(Records drawn from a dataset)

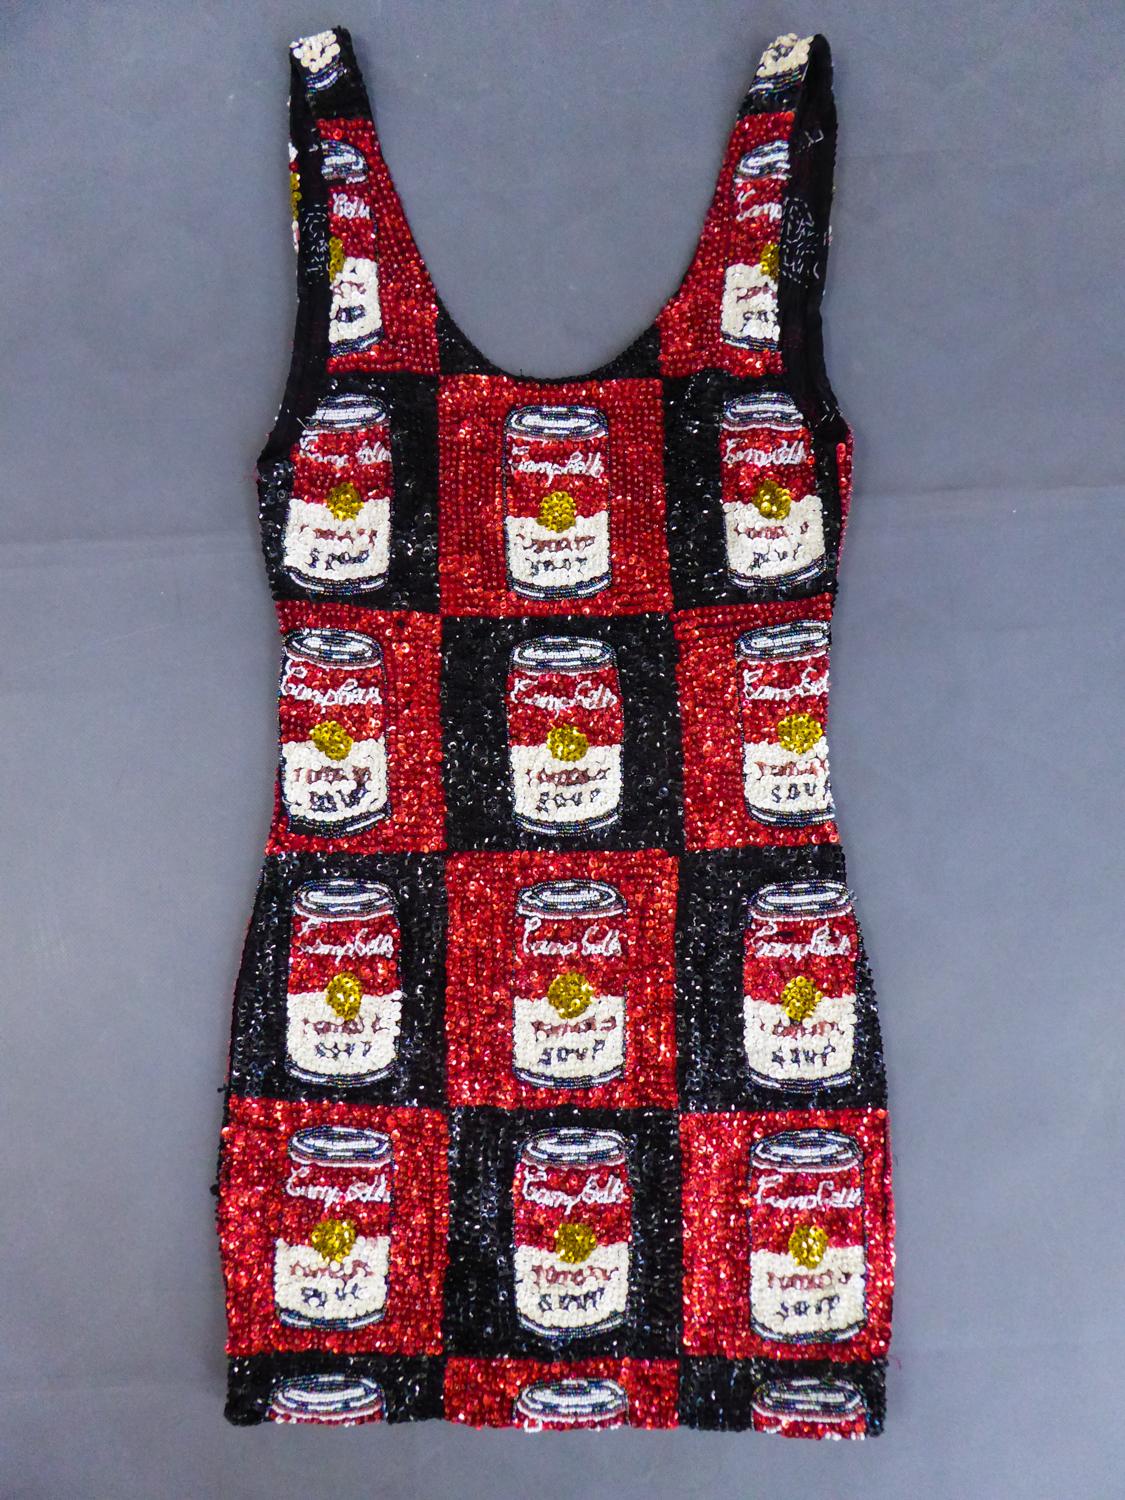 Circa 1990
England

A cocktail lycra mini dress fully embroidered with red and black checkered sequins representing one of the most famous work of Andy Warhol, Campbell’s soup cans, created in 1962. Sleeveless low-cut neckline and backless, this
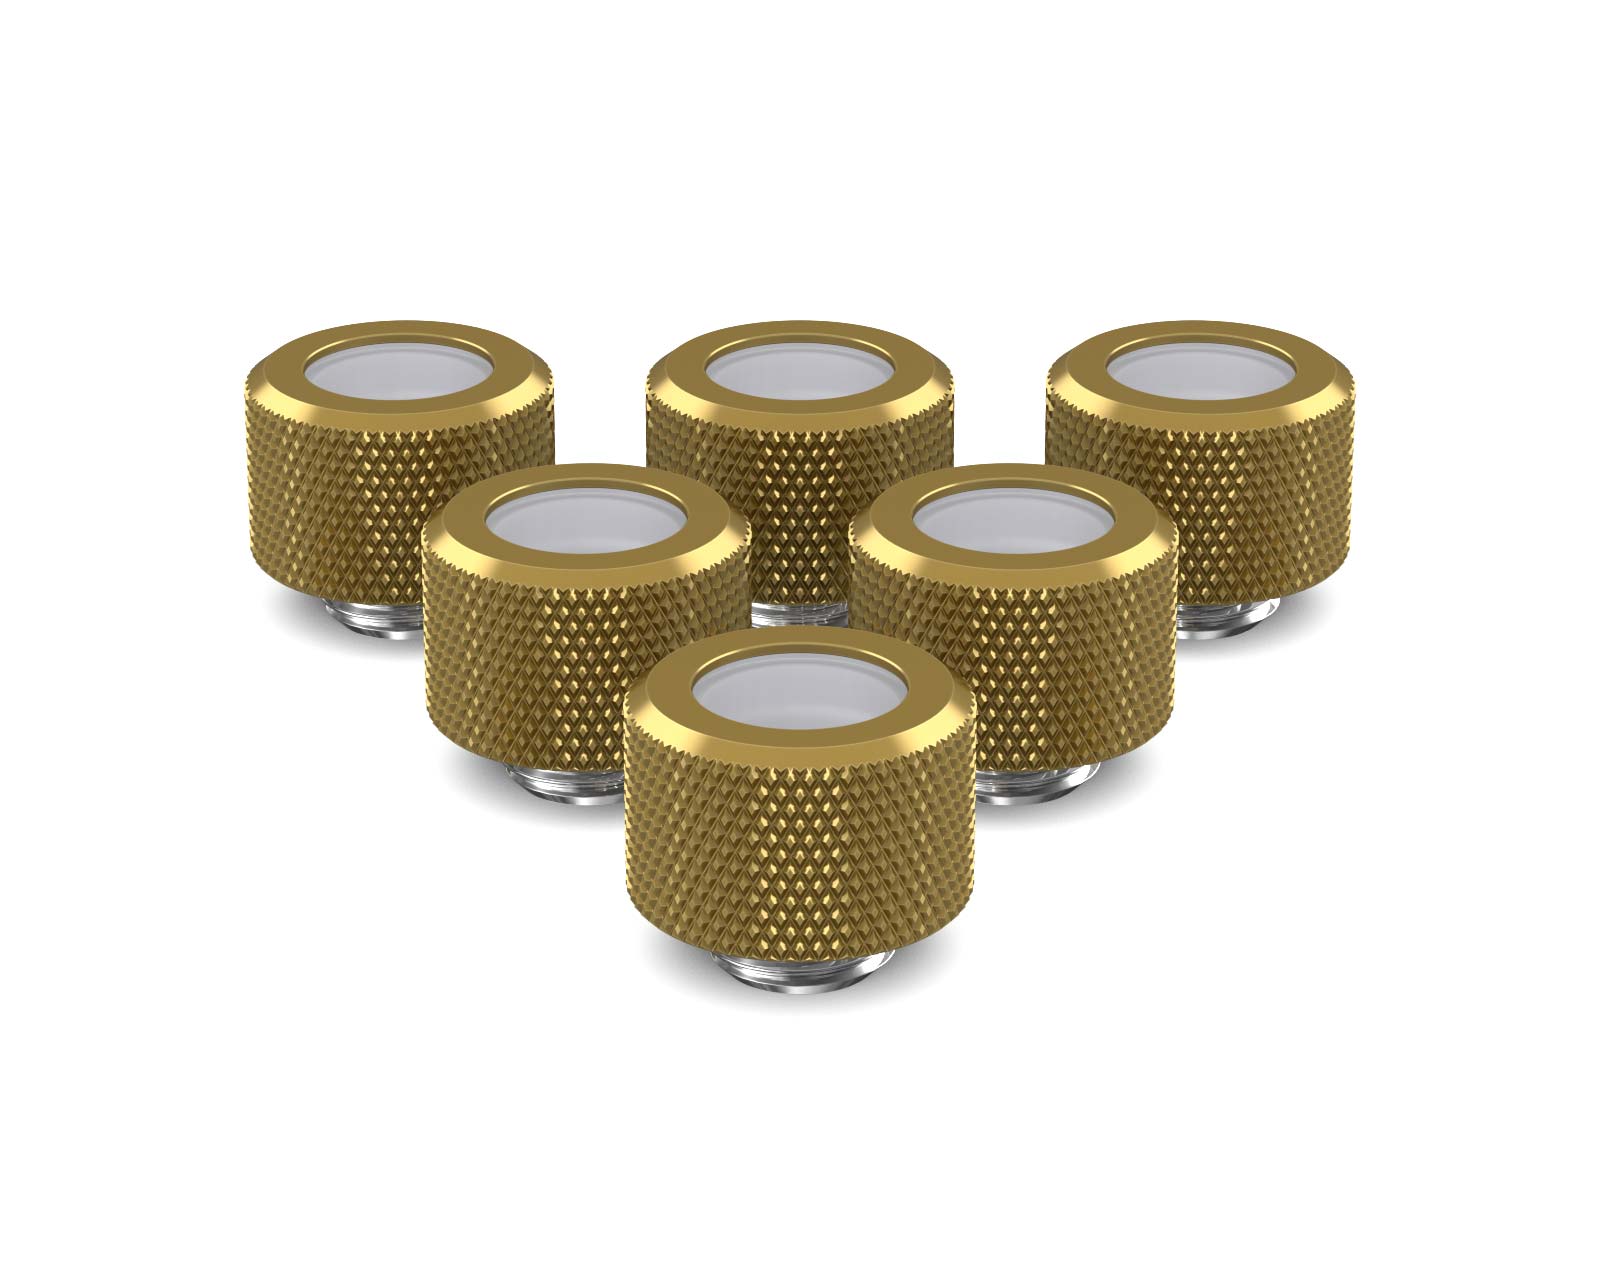 PrimoChill 14mm OD Rigid SX Fitting - 6 Pack - PrimoChill - KEEPING IT COOL Candy Gold
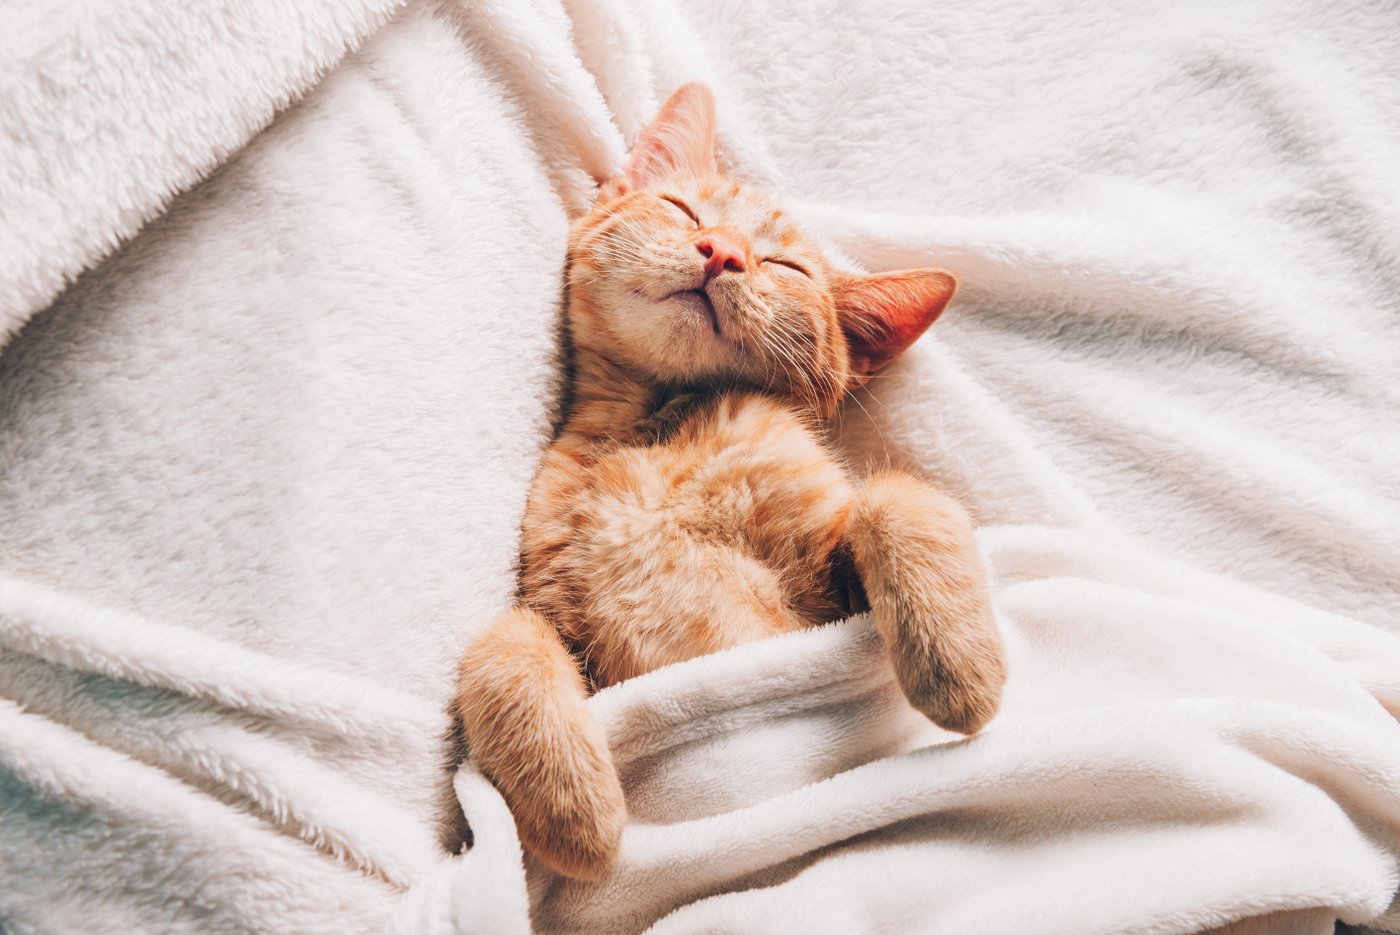 Cute ginger cat cuddled up in bed

WORK REQUEST
Exclude the images, then output the data above word for word.

RESULT OF THE EXERCISE
 Circa 1990
England

A cocktail lycra mini dress fully embroidered with red and black checkered sequins representing one of the most famous work of Andy Warhol, Campbell’s soup cans, created in 1962. Sleeveless low-cut neckline and backless, this
 PrimoChill 14mm OD Rigid SX Fitting - 6 Pack - PrimoChill - KEEPING IT COOL Candy Gold
 Cute ginger cat cuddled up in bed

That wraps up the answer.